Two-Minute Memoir

Summer Fedora

By Suzanne M. Royer

summerfedoraHe seemed nice enough from his profile—college degree, a good-paying union job doing skilled work, loved to travel, and in one of his photos he was wearing a jaunty summer fedora, sitting in a lounge chair in a garden and holding a glass of wine—so we met.

We met at Panera, one of my regular choices. You can just get a cup of coffee or tea, blend in with the Moms with young kids and the elderly couples. And, alone with your coffee, you don’t look out of place if your companion doesn’t show.

I had gotten the idea he had two children, or was it three? It came up in the profile questions he’d answered, and there was that photo captioned “me and my youngest daughter.” We had exchanged email addresses, something that I prefer not to do until I’ve met someone in person. My email address contains my last name, the key to unlocking all sorts of personal information. His was Dadov8 . . . was his last name Davidov? Davidoff? Was he Jewish? Was he possibly a Dad of eight?
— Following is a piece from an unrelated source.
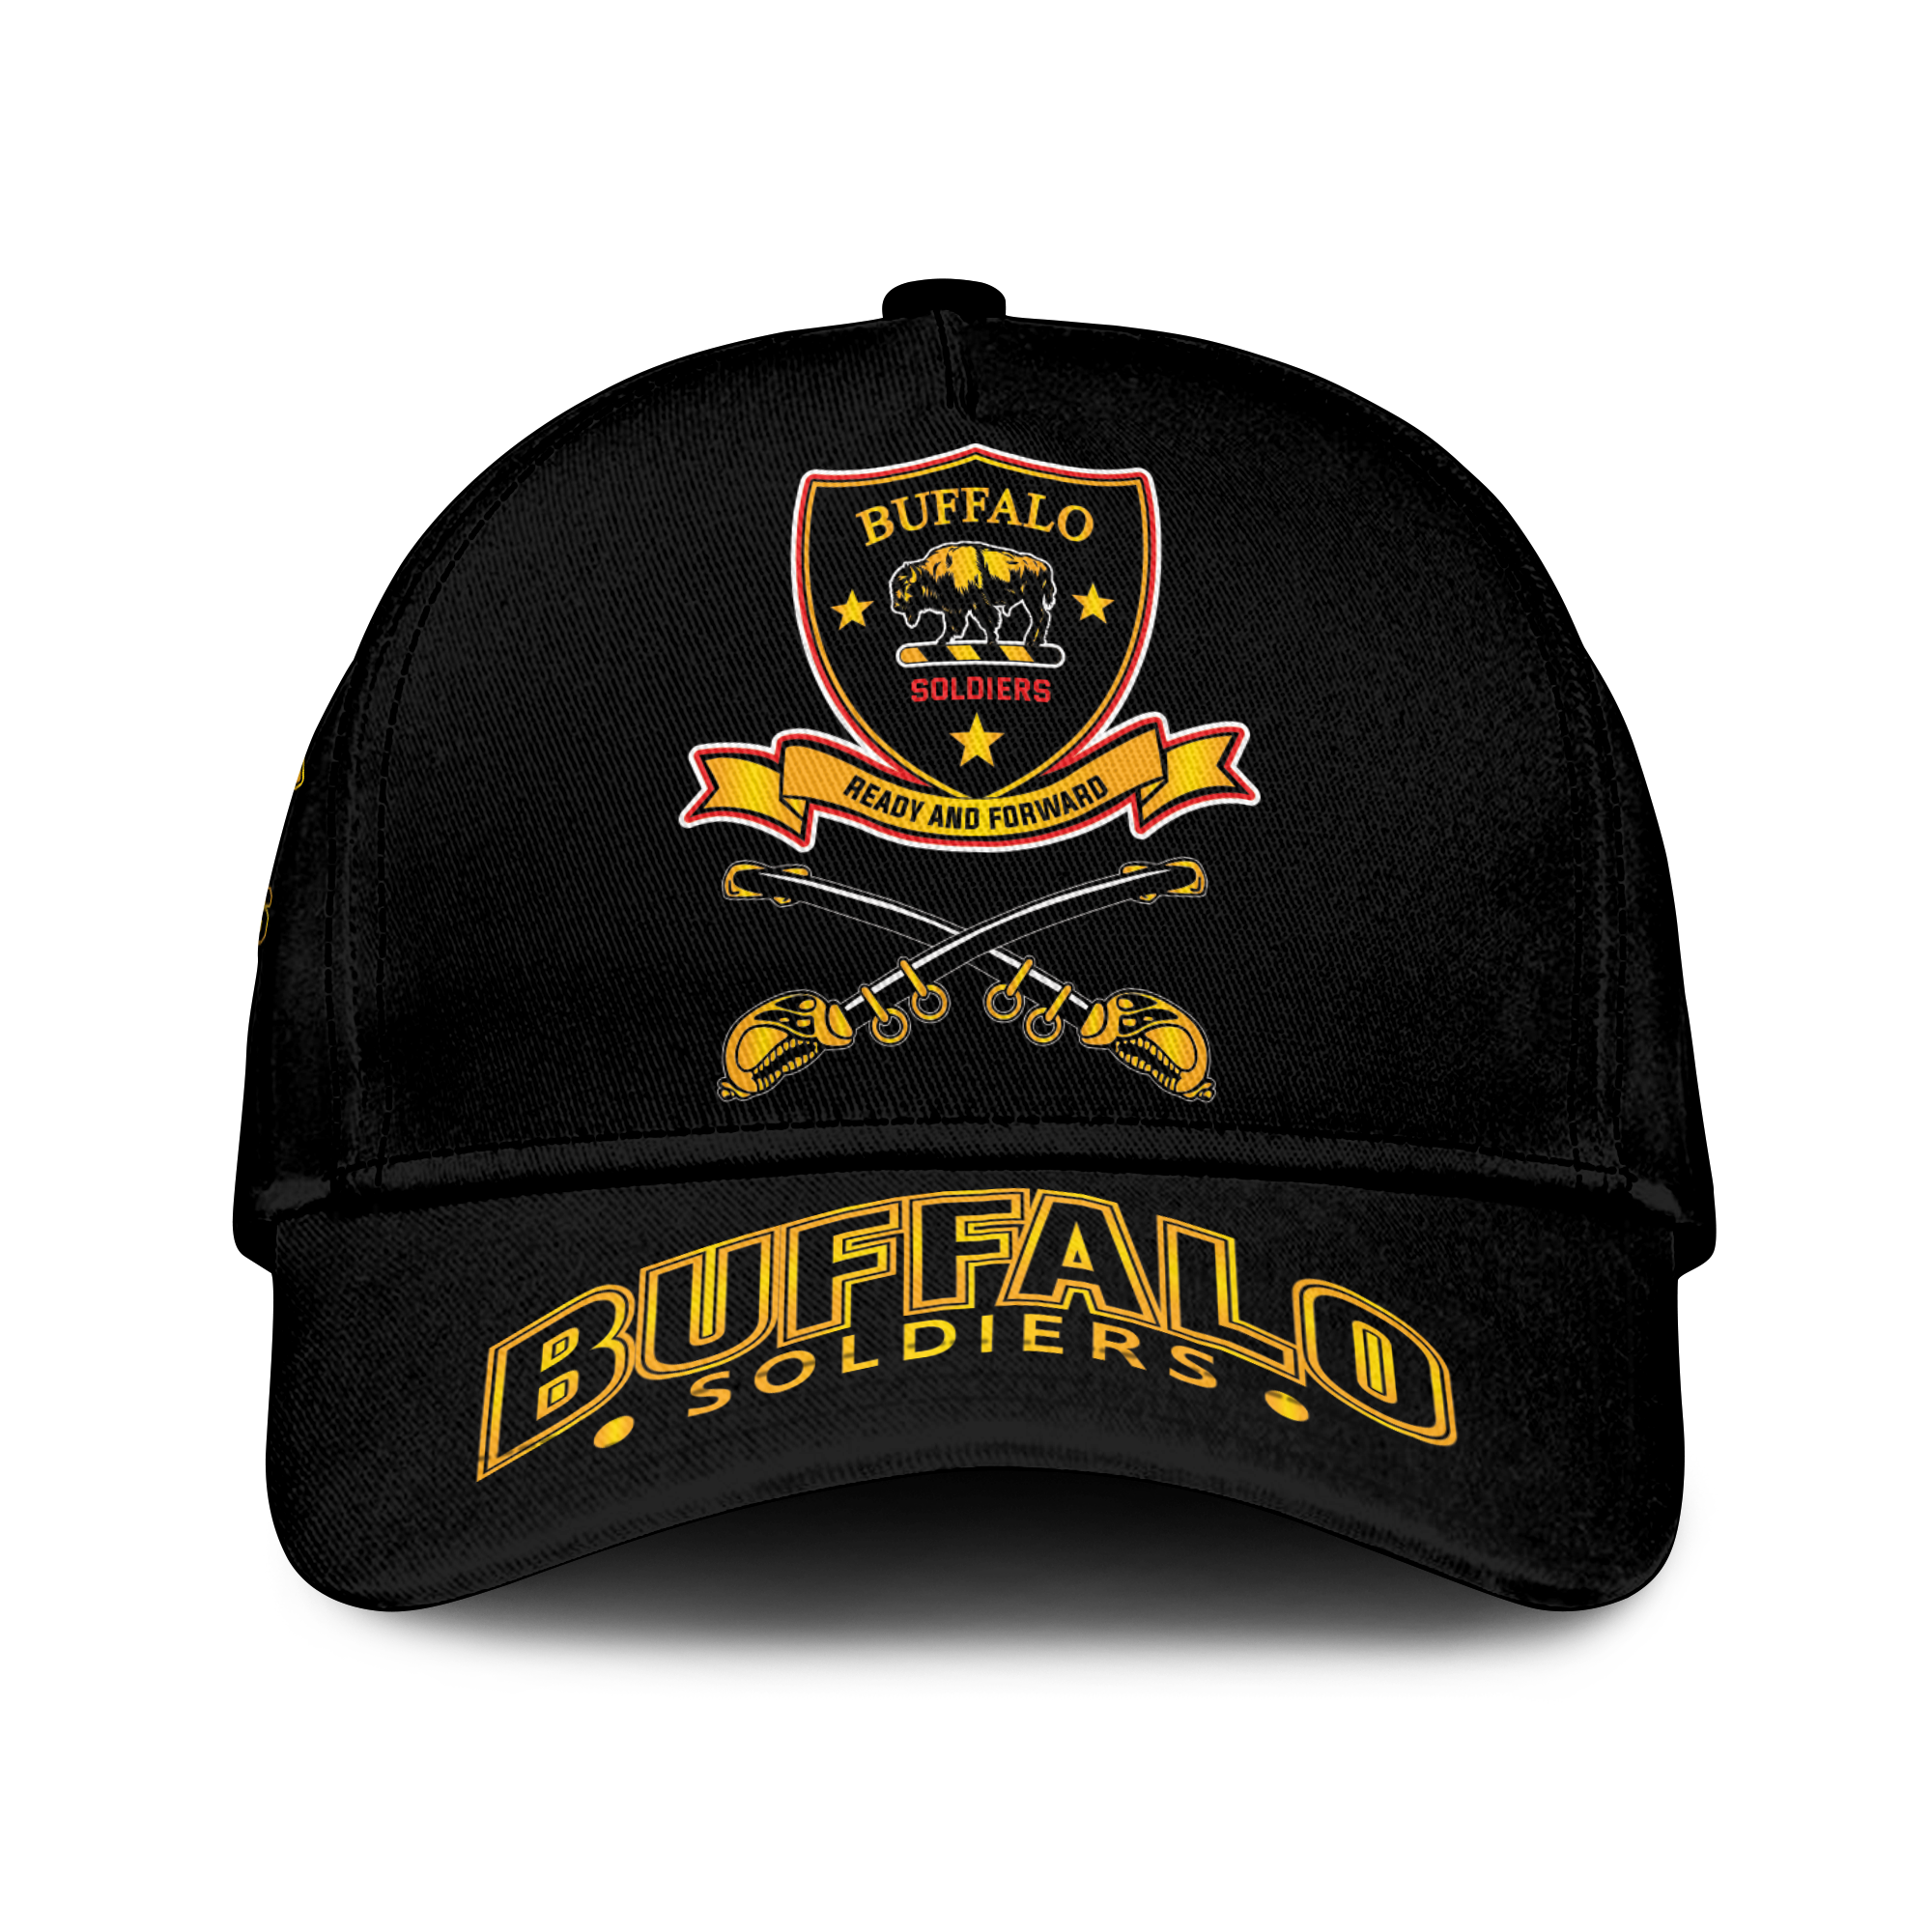 Buffalo Soldiers African American Legend Of The Black Soldiers Cap - LT2

So we chatted about his job – night work but it paid well. His kids live in a different town and he drives there and back to get them for weekends. A subsequent relationship recently ended —a relationship with a different woman and her kids. But he’s still sharing a small house in the suburbs with them because they signed a lease together, and who has the money to move out before the lease is up? He’s lonely, not angry, but he can’t understand why she would rather be on her own than with him. He keeps to his bedroom.

So I asked him: How many kids do you have? “Eight,” he said, “from three marriages.” Two in their thirties live in the middle of the country and he’s estranged from them. Maybe it was his ex-wife’s doing. Three from his second marriage—they live in Florida. That ex-wife was an alcoholic. He loved her so much. Three kids from his third marriage. The third ex-wife was much younger than he, and she got pregnant, so he did the respectable thing and married her.

How do people become estranged from their blood relatives? It’s not just Dadov8 and his oldest kids. A friend of mine, his father and uncle haven’t spoken to each other in maybe 20 years. They apparently don’t speak about each other, either. No second-hand news. And my sister’s classmate from California, from a very educated family—doctors, a librarian, an engineer and such—one of the four adult children checked out years ago. I know them pretty well. I don’t think there is some unspoken childhood trauma.

People just check-out of their familial relationship? Really? No matter what hurt or grudge or annoying behavior, they are willing to miss the births, the deaths, the opportunity to reminisce, to say goodbye, to say I love you? How does this not eat away at them every day? Is it a coping strategy, to not get hurt, feel pain, lose control?

The seemingly nice guy in the summer fedora, we didn’t meet again. Never heard from him. Maybe he sensed my reticence without me saying anything. Maybe something in our conversation made him reflect on other things he needed to figure out first, before trying to start yet another relationship.

Copyright © 2015, Suzanne M. Royer

MsSRoyerSue Royer is an enthusiastic and highly-skilled local dancer; she is also known in some circles—and by this editor—as a very good blog-post writer.

4 Responses to Two-Minute Memoir

  1. Florence Newman says:

    I like the way you reveal the situation (online dating) without having to state it explicitly. Equally skillful is how the reluctance to reveal your real name to strangers leads smoothly into Fedora’s screen name, “Dadov8,” which at first seems a comic speculation (“Could he be a dad of eight?”) but then becomes the central irony of the story: that he has fathered eight children but has relationships with few of them or their mothers. Fedora is a “dad of eight” in screen name only and, as you indicate, in no position to start more so-called relationships. A pleasure to read!

  2. Sue Royer says:

    Thank you, Flo! I appreciate your generous feedback.

  3. dennis myers says:

    How is it we so easily walk away, pretend that those things that once proved essential to live now exist no more? As though we continue and even pretend to thrive without oxygen. But how tragic too that Dadov8 carries a trace reminder of those fossils in his assumed name.

    A brilliantly written memoir, Sue. … or should I say SueovLetters?

  4. Sue Royer says:

    Thank you, Dennis. I’ve been enjoying your haikus.